Constant Rate Scheduling: A General Framework for Optimizing Diffusion Noise Schedule via Distributional Change
Shuntaro Okada, Kenji Doi, Ryota Yoshihashi, Hirokatsu Kataoka, Tomohiro Tanaka
TL;DR
CRS introduces a general, discrepancy-based framework to enforce a constant rate of distributional change in diffusion processes, optimizing both training and sampling noise schedules. By defining a velocity function ${v(\alpha)}$ from discrepancy measures (FID-based, data-prediction, or noise-prediction) and solving ${\frac{d \alpha(t)}{dt} \propto v(\alpha)^{-\xi}}$, CRS achieves improved sample fidelity and mode coverage across pixel-space and latent-space models, across many NFEs. Empirically, CRS yields state-of-the-art FID on LSUN Horse 256×256 (FID=${2.03}$) and demonstrates broad gains across datasets, samplers, and architectures, though it incurs training-time overhead and relies on domain-appropriate discrepancy measures. The approach offers a unified view of training and sampling schedules, with practical alternatives (e.g., CRS-vx + vcos) to scale to large datasets, and points to future theoretical and methodological developments to further strengthen schedule optimization in diffusion models.
Abstract
We propose a general framework for optimizing noise schedules in diffusion models, applicable to both training and sampling. Our method enforces a constant rate of change in the probability distribution of diffused data throughout the diffusion process, where the rate of change is quantified using a user-defined discrepancy measure. We introduce three such measures, which can be flexibly selected or combined depending on the domain and model architecture. While our framework is inspired by theoretical insights, we do not aim to provide a complete theoretical justification of how distributional change affects sample quality. Instead, we focus on establishing a general-purpose scheduling framework and validating its empirical effectiveness.

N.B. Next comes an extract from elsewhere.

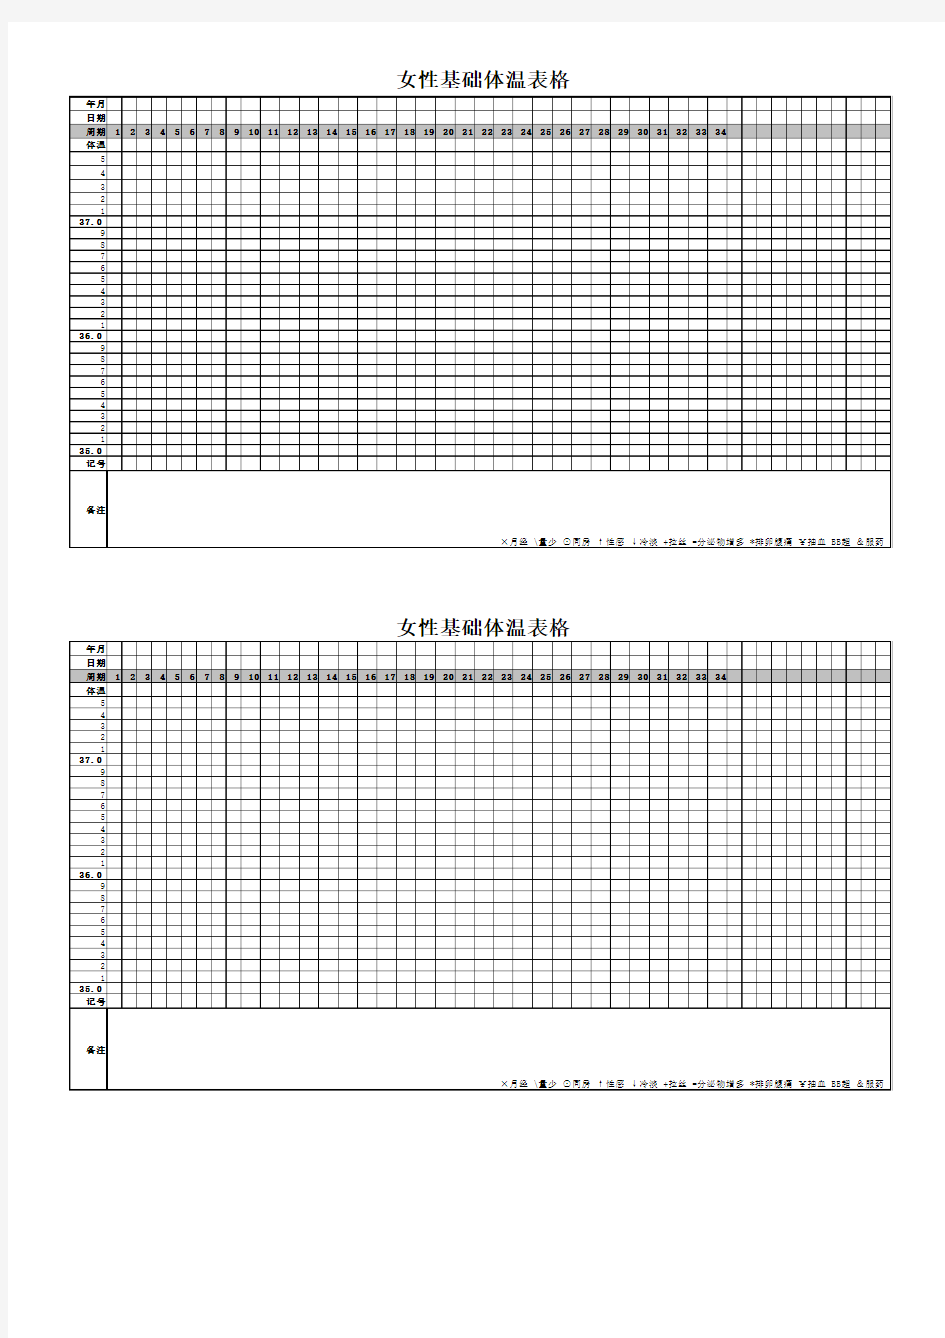 最详细实用的女性基础体温表(可直接打印)
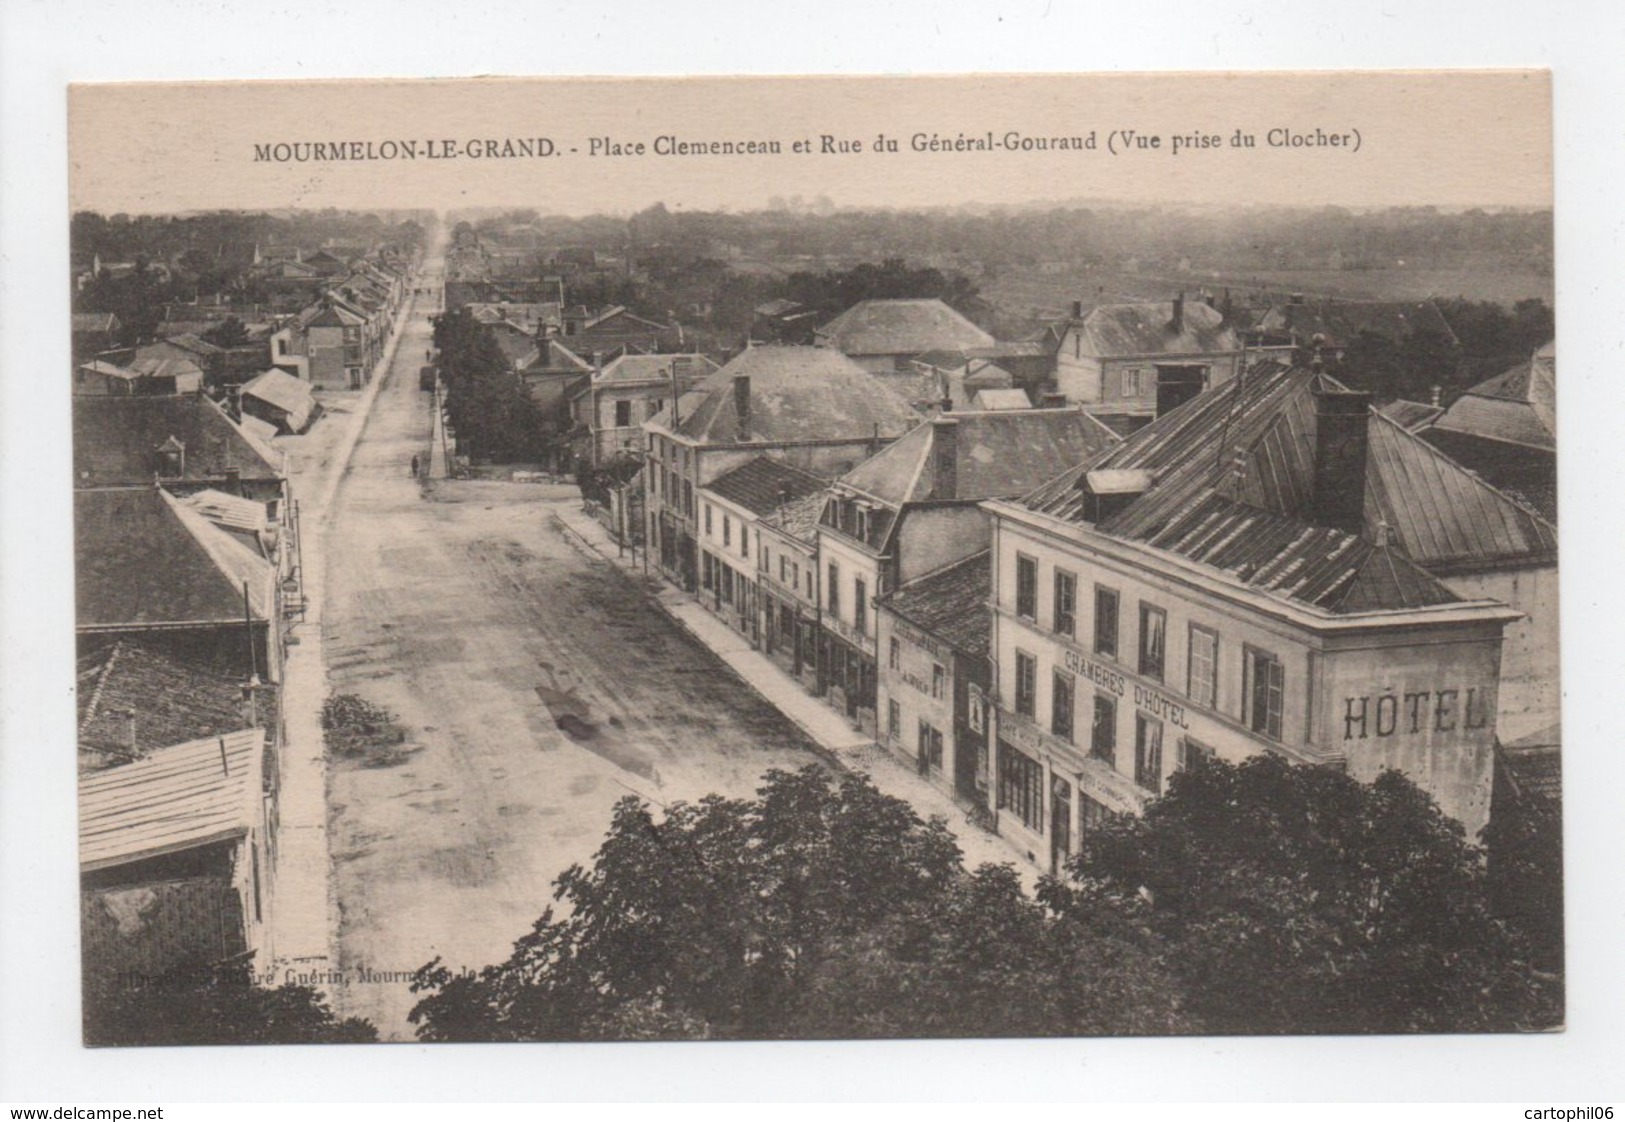 - CPA MOURMELON-LE-GRAND (51) - Place Clemenceau Et Rue Du Général-Gouraud 1922 - Edition Guérin - - Mourmelon Le Grand

Through extensive experiments, we demonstrate that our approach consistently improves the performance of both pixel-space and latent-space diffusion models, across various datasets, samplers, and a wide range of number of function evaluations from 5 to 250. In particular, when applied to both training and sampling schedules, our method achieves a state-of-the-art FID score of 2.03 on LSUN Horse 256$\times$256, without compromising mode coverage.